Omit every picture, then return each line of the data below exactly.

# Available data:

"""

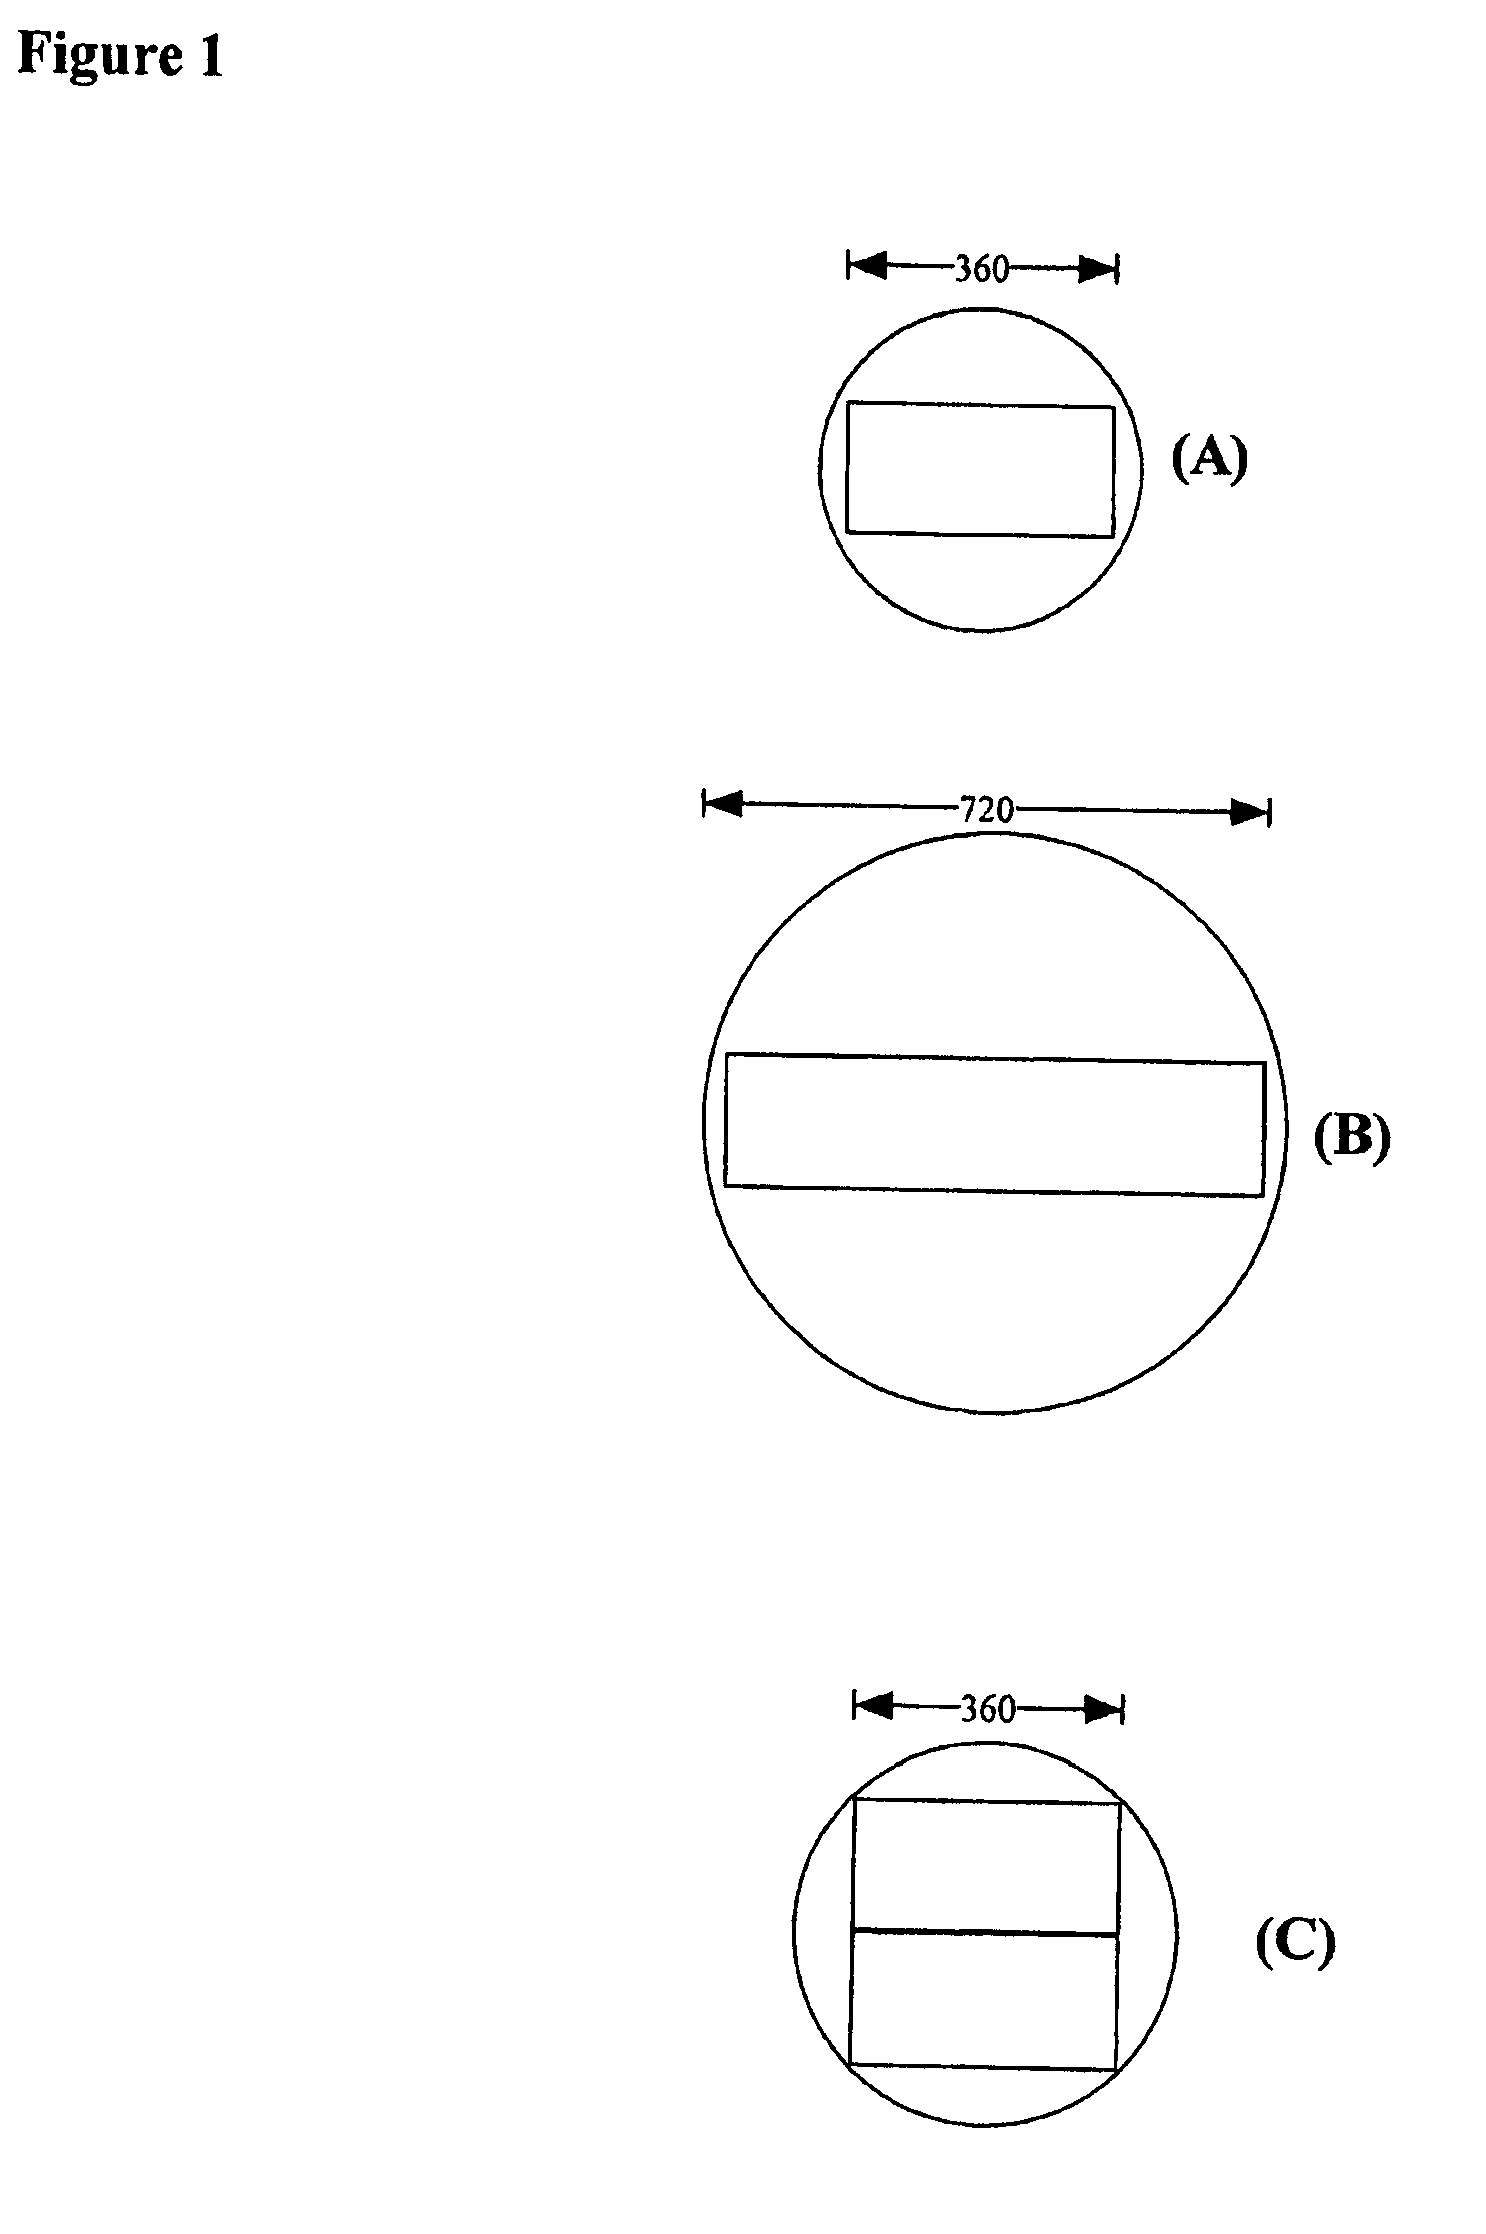 Optically multiplexed imaging system and methods of operation
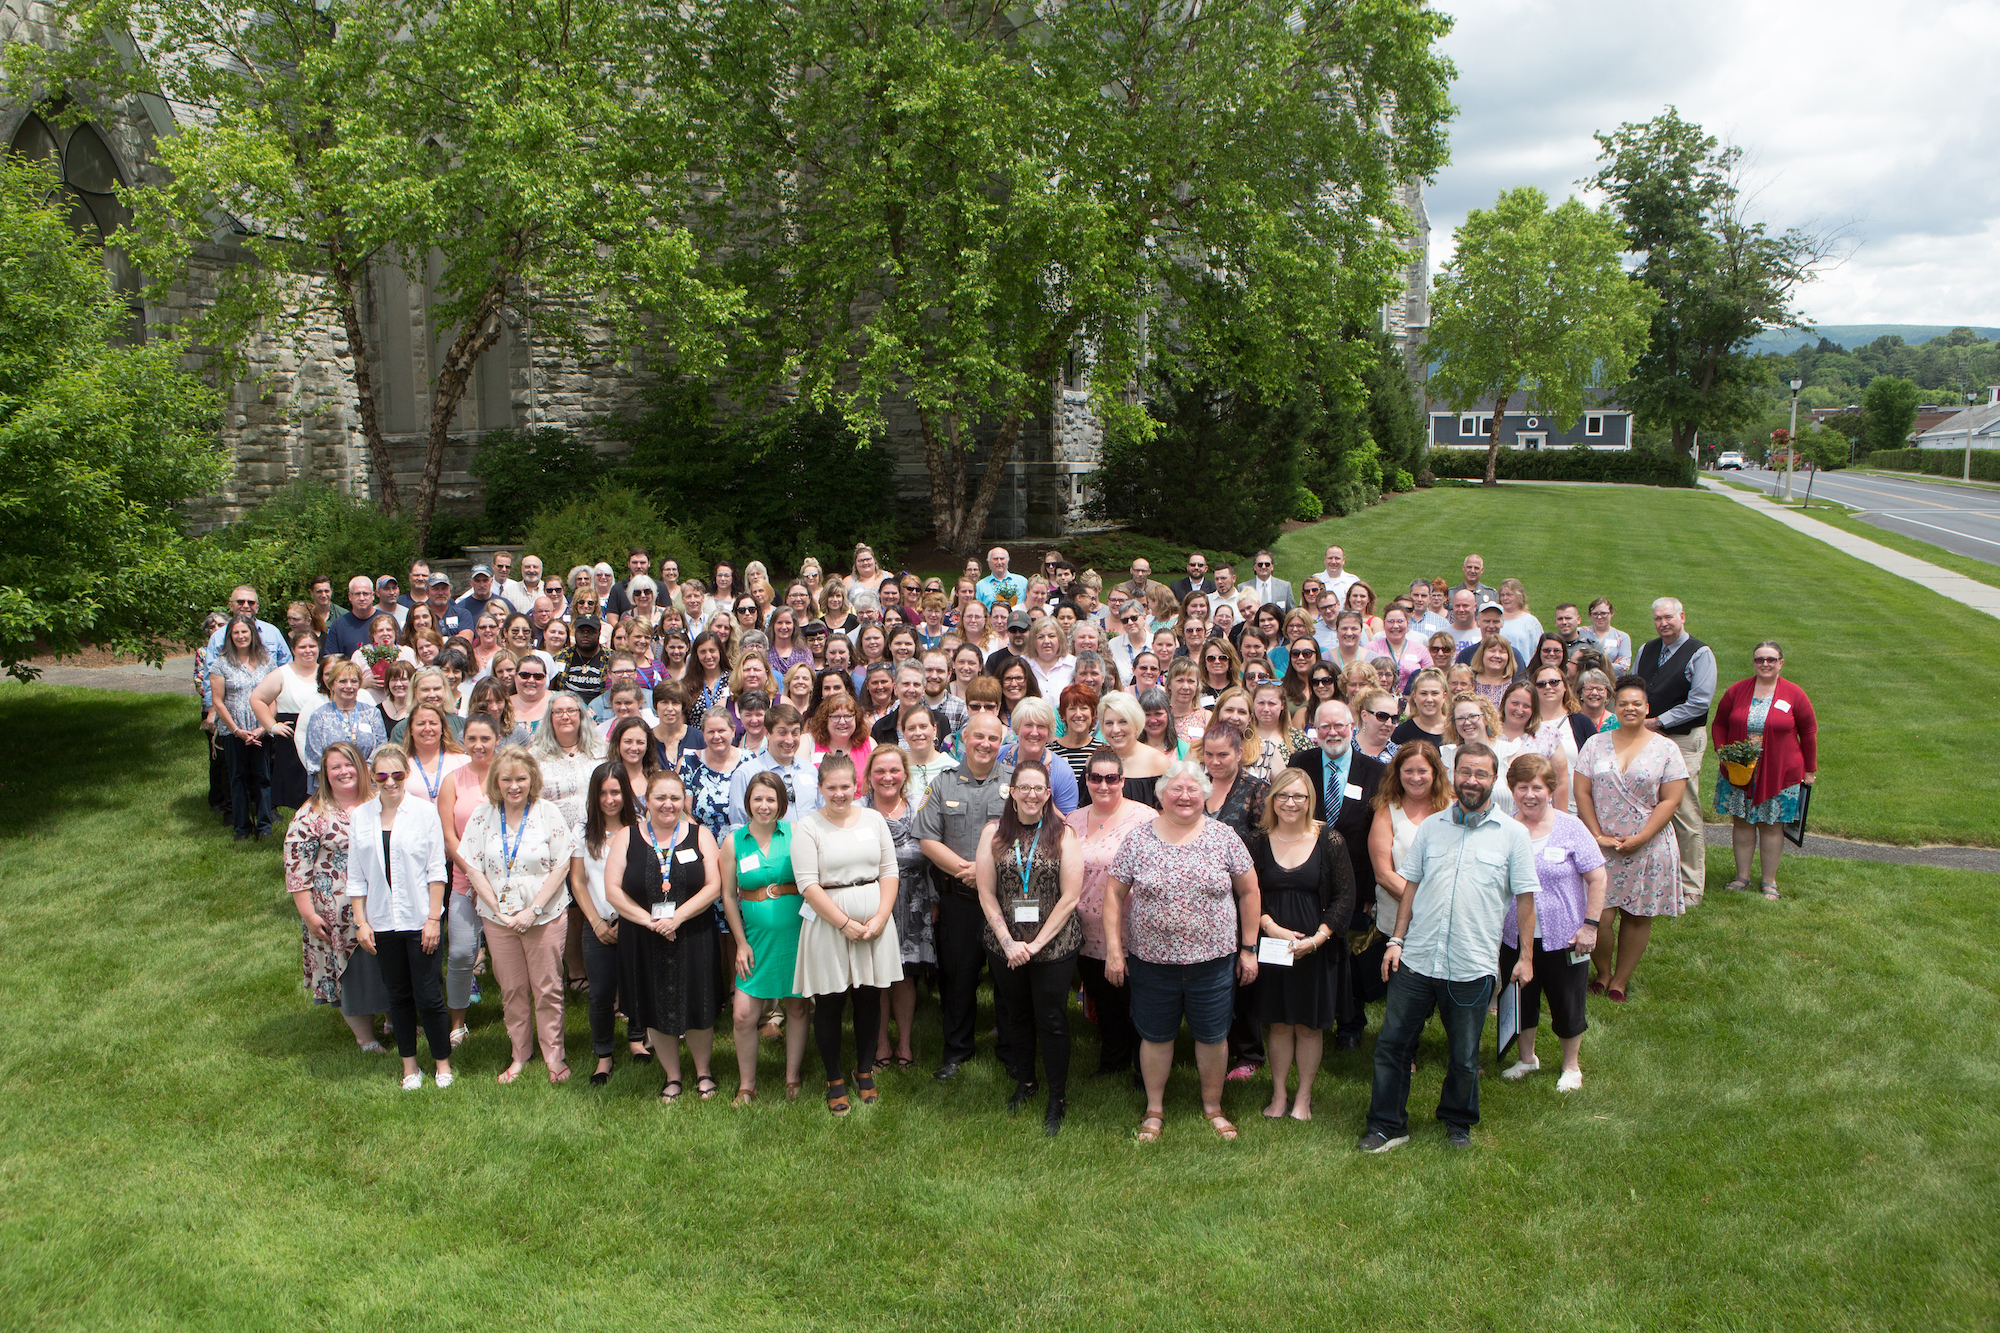 A very large group of people pose for a picture on a green lawn. There are trees in the background and Main Street in Bennington, Vermont can be seen off to the side.
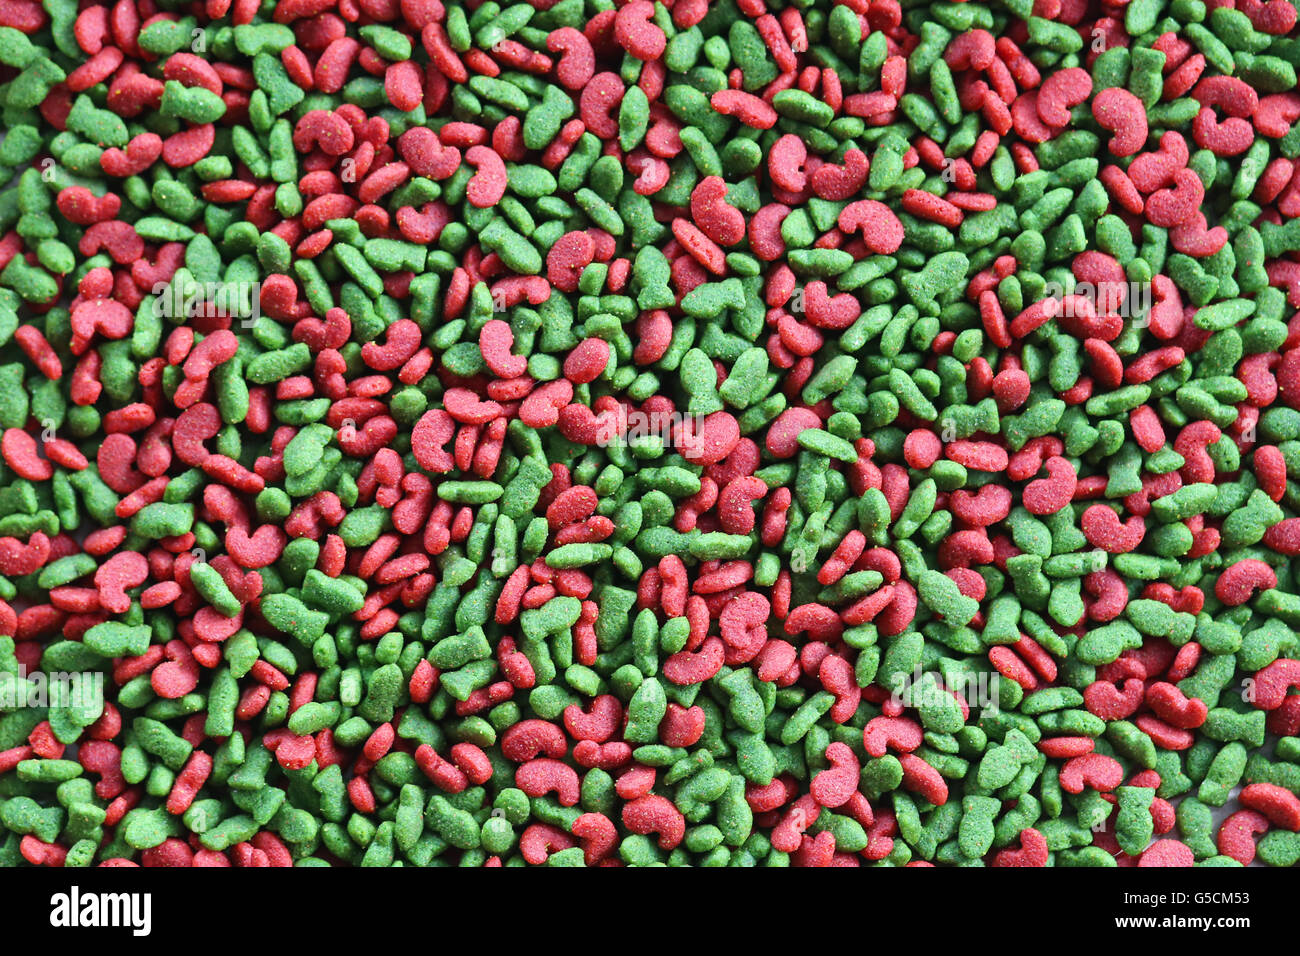 cat food green and red texure background Stock Photo

"""

# Task solution:
 Optically multiplexed imaging system and methods of operation
 A very large group of people pose for a picture on a green lawn. There are trees in the background and Main Street in Bennington, Vermont can be seen off to the side.
 cat food green and red texure background Stock Photo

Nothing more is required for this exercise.